Fig. 6. Gene expression levels in zebrafish larvae exposed to 1 μM BaP from 3 to 6 dpf. The averaged expression of eef1a1l1 and rps18 housekeeping genes was used to normalize gene expression levels. P-value calculated using Student's t-test. Values are presented as median and quartiles expressed in Log2 over the control (0.1% DMSO) (n = 4).

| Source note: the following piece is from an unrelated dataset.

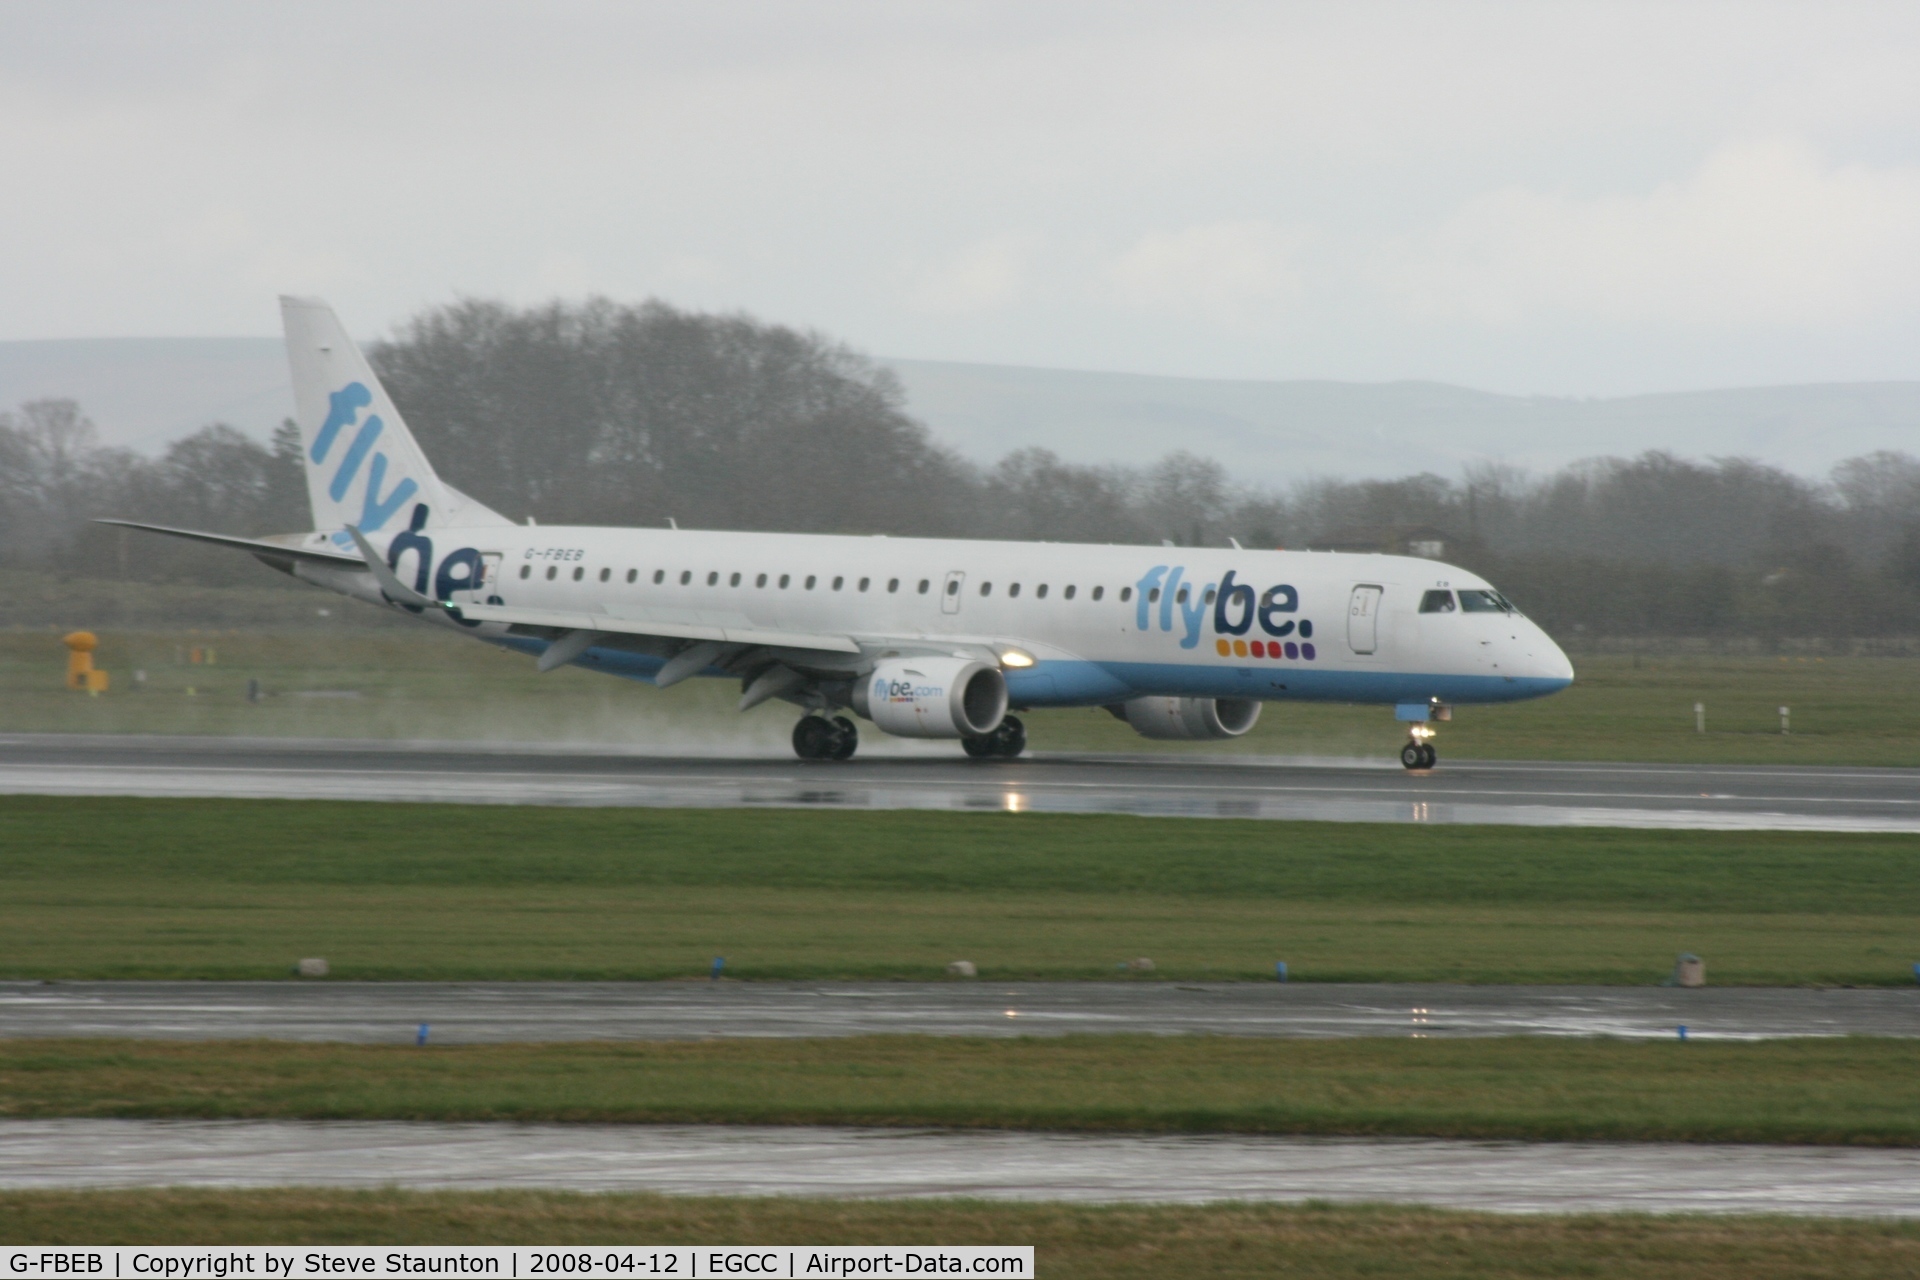 G-FBEB, 2006 Embraer 195LR (ERJ-190-200LR) C/N 19000057, Taken at Manchester Airport on a typical showery April day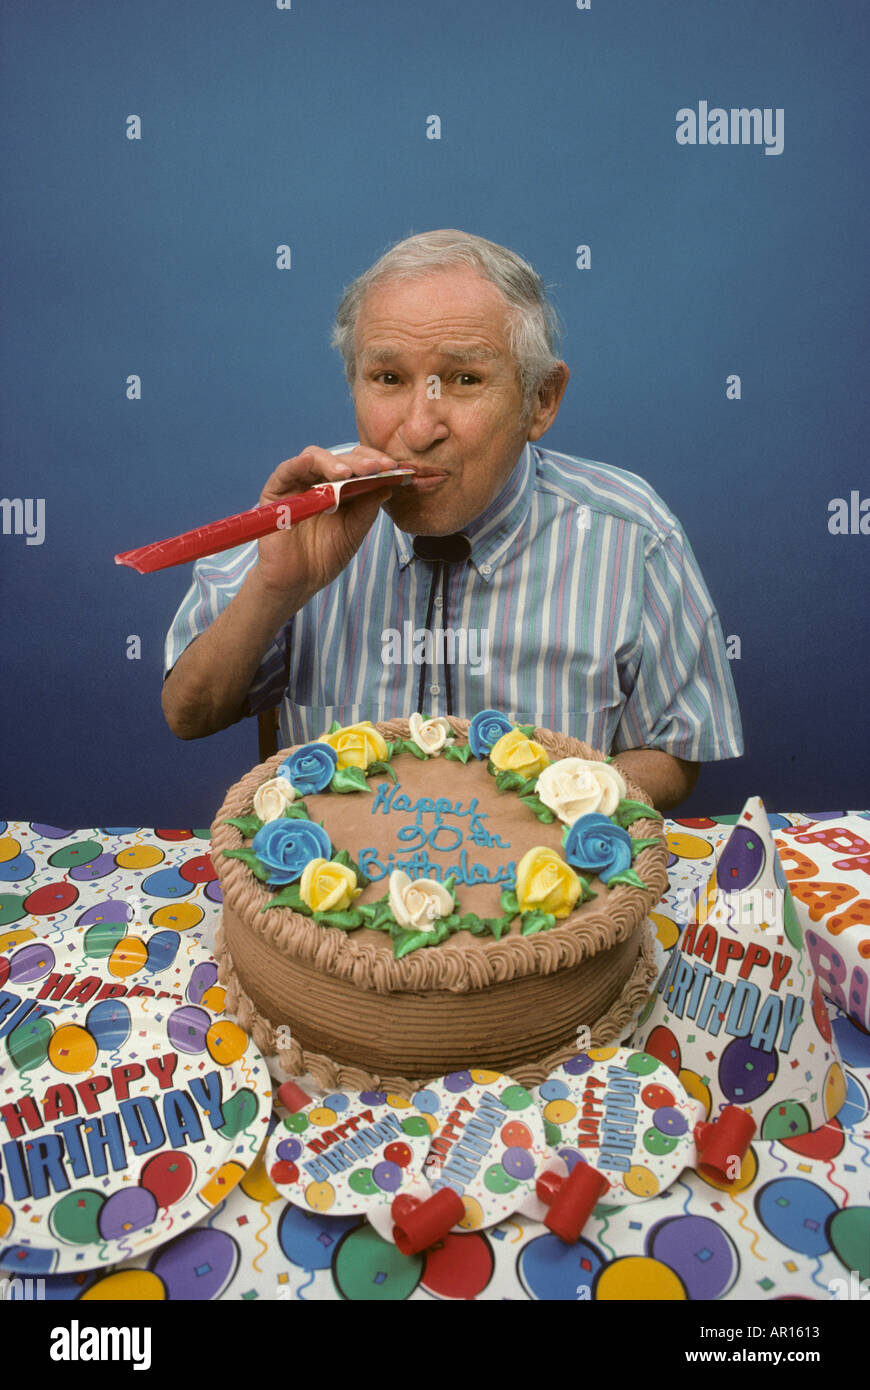 90 Year Old Man Blowing Noisemaker With Birthday Cake Stock Photo

Fig. 7. Number of neutrophils in TgBAC(mpx:EGFP)ⁱ¹¹⁴ zebrafish larvae exposed to BaP from 3 to 6 dpf. (A) Number of neutrophils in the region of interest (ROI) expressed in % over control. (B) Representative images of transgenic larvae exposed to 0.1% DMSO or 1 μM BaP, where TgBAC(mpx:EGFP)ⁱ¹¹⁴ positive cells are in green. ROI is outlined with a white dashed line, while larvae is outlined with a gray line. Scale bar is 500 µm. P-value calculated using Student's t-test. Values are presented as median and quartiles (n = 18). (C) Number of adherent neutrophils on the opercular bone stained with AR-S. P-value calculated using Mann Whitney test. Values are presented as median and quartiles (n = 109). (D) Representative images of adherent neutrophils on the operculum of larvae exposed to 0.1% DMSO or 1 μM BaP, where TgBAC(mpx:EGFP)ⁱ¹¹⁴ positive cells are in green and operculum is in red. On the right side of the representative images, orthogonal projections of the planes (XY, YZ and XZ) marked with the yellow lines. Scale bar is 50 µm. (E) Percentage of adherent neutrophils at 6 dpf per opercular bone. Colors indicate the number of TgBAC(mpx:EGFP)ⁱ¹¹⁴ positive cells per operculum. For interpretation of the references to color in this figure legend, the reader is referred to the web version of this article.